What this means architecturally is that these agents are not replacements for workflows. They are agents embedded within workflows. The surrounding structure provides guardrails; the agent provides adaptability where deterministic logic would become brittle.

That distinction is easy to miss, and expensive to ignore.

How this affects your SDLC

Choosing whether or not to build an agent has real consequences for how your software development lifecycle functions.

With workflows, familiar practices still apply. Unit and integration tests remain meaningful because execution paths are deterministic. Staging environments behave similarly to production. Rollbacks are straightforward because behavior changes can be reversed in predictable ways.

Agents change that equation. Testing becomes distributional; you’re no longer validating a single expected output, but a range of acceptable behaviors across many runs. Staging environments have to simulate probabilistic behavior to be useful. Rollback is no longer just about reverting code; it’s about reverting behavior, which may involve prompts, state, or model configuration.

This isn't better or worse, but it is fundamentally different. And organizations that adopt agents without acknowledging this shift often find themselves with systems that don’t fit their existing delivery and governance practices.

That mismatch is where many AI initiatives quietly stall.

The psychological pressure to build agents

There’s also a social dimension to this decision that technical discussions often ignore.

“Agent” has become a status signal. It implies modernity, sophistication, and strategic relevance. Saying “we’re building workflows” can feel behind the curve, even when workflows are the correct engineering choice.

That pressure is real, and resisting it is a strategic act.

Choosing reliability over narrative is not a lack of ambition. It’s a commitment to shipping systems that can be understood, trusted, and evolved. The most effective AI teams are often the least performative about how “agentic” their systems are.
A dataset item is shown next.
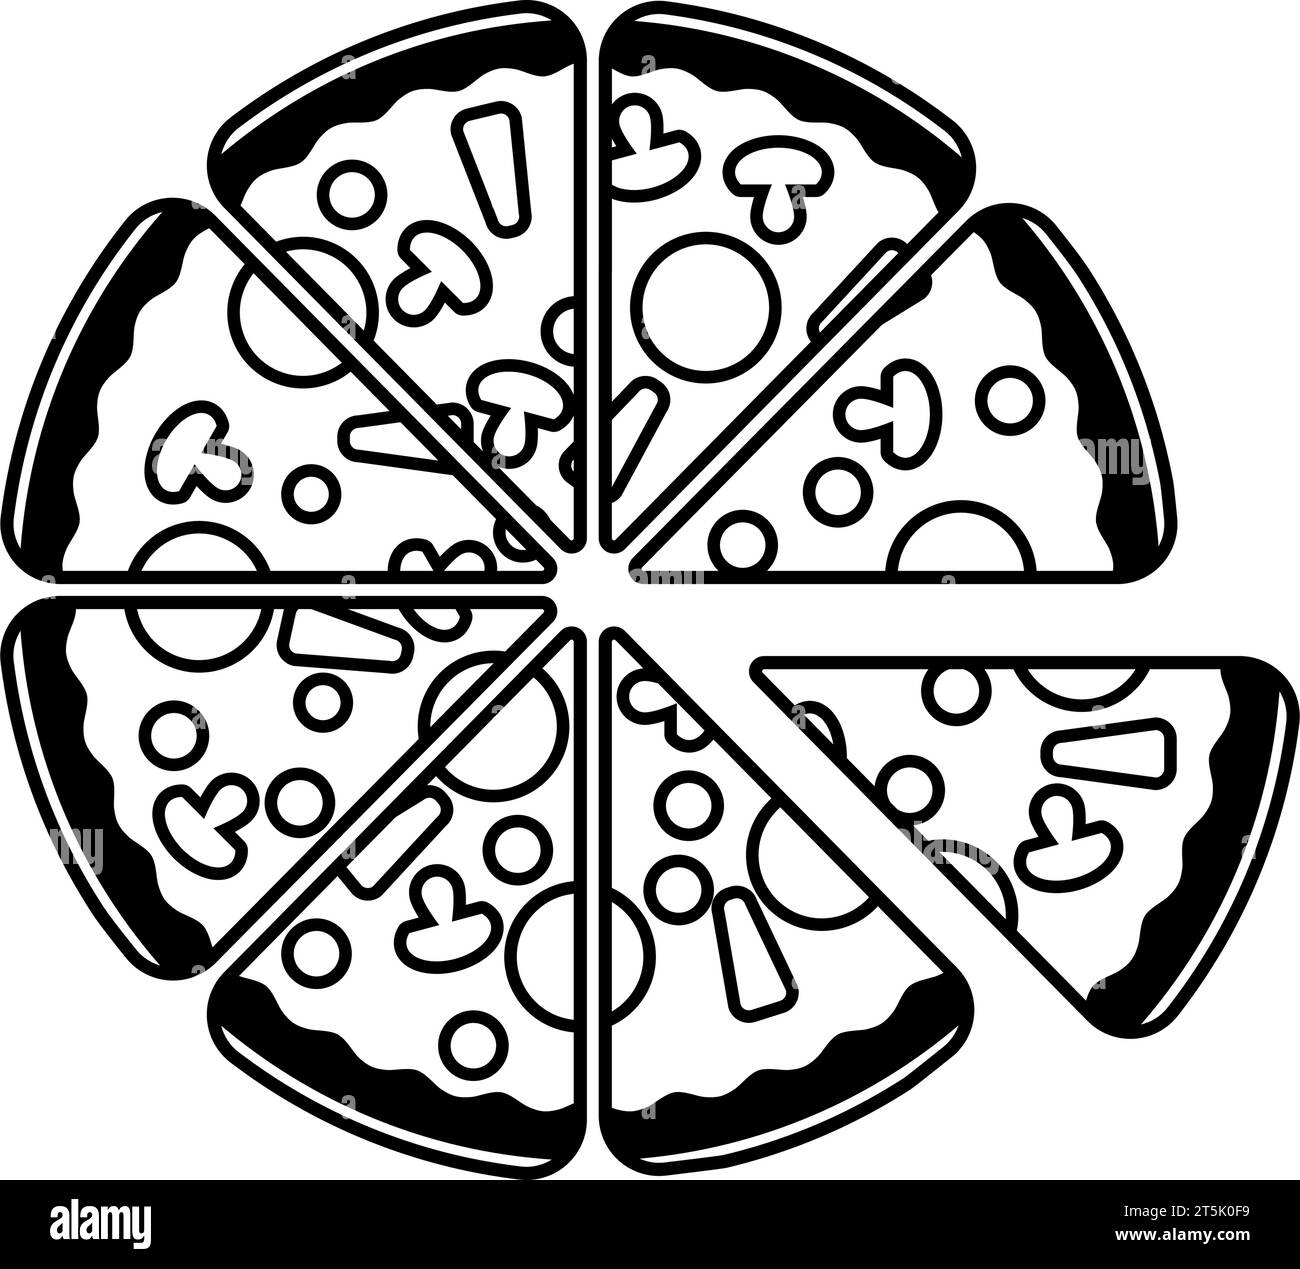 Vue de haut en bas d'une pizza ou tarte à pizza pour le concept de pizzeria dans le vecteur Illustration de Vecteur

What this unlocks when you admit you’re not building an agent

Once teams stop defaulting to agents, a lot of friction disappears.
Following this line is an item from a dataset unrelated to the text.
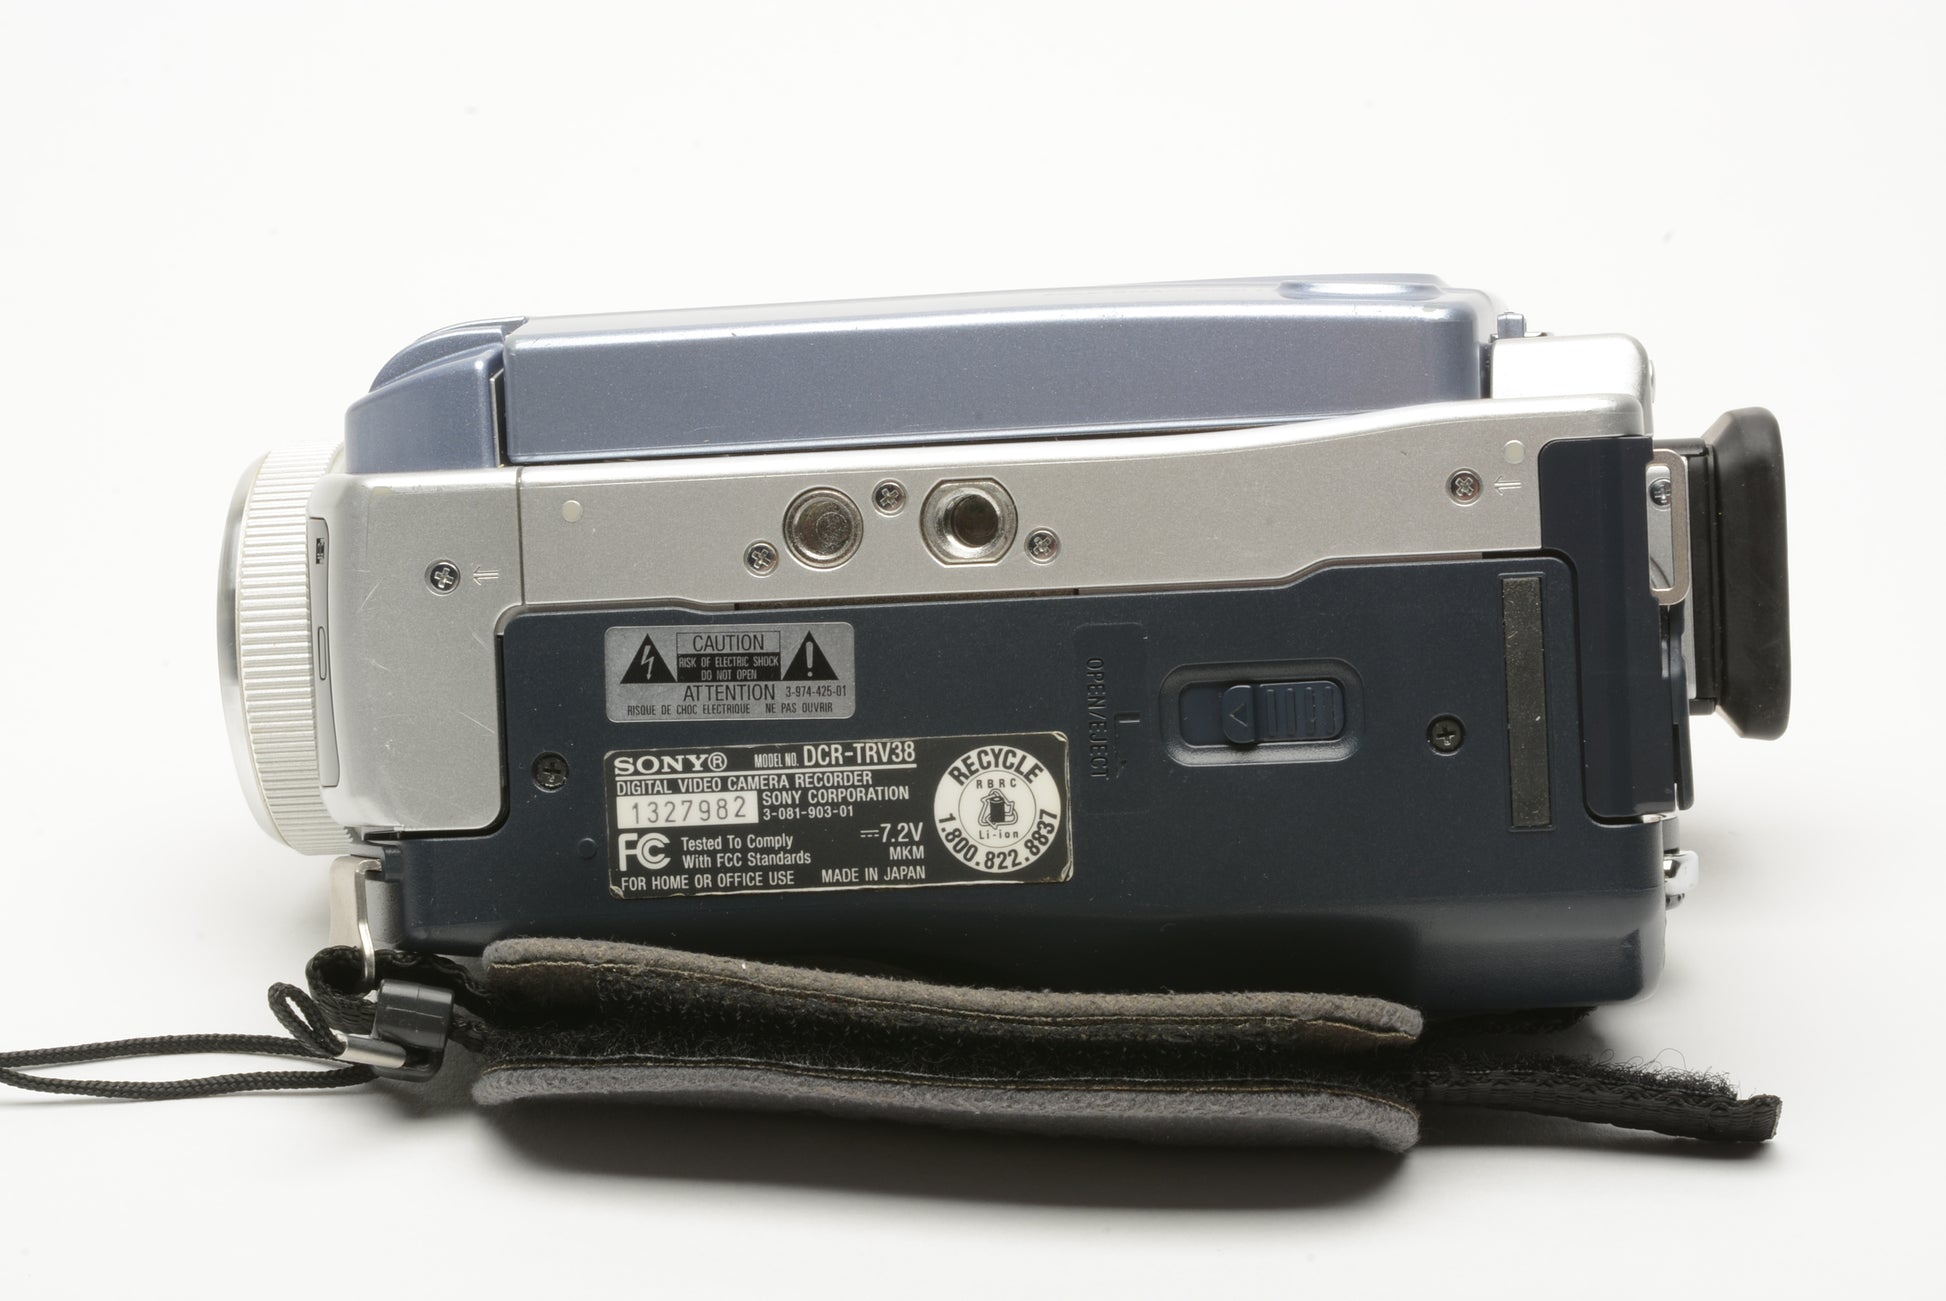 5 Sony TRV39 DV6 Mini DV camcorder tape cassette for TRV27 TRV30 TRV33 TRV38

Architecture simplifies because control flow is explicit. Testability improves because behavior is easier to reason about. Governance becomes tractable because risk boundaries are clearer. Tool selection becomes constrained instead of overwhelming, because entire categories of tools are no longer relevant.

Most importantly, you regain deterministic leverage over probabilistic components. You decide where uncertainty can exist, and where it can't.

That, more than any specific framework or tool, is the core engineering challenge of AI systems.

‍

You May Not Be Building an AI Agent. And That’s OK.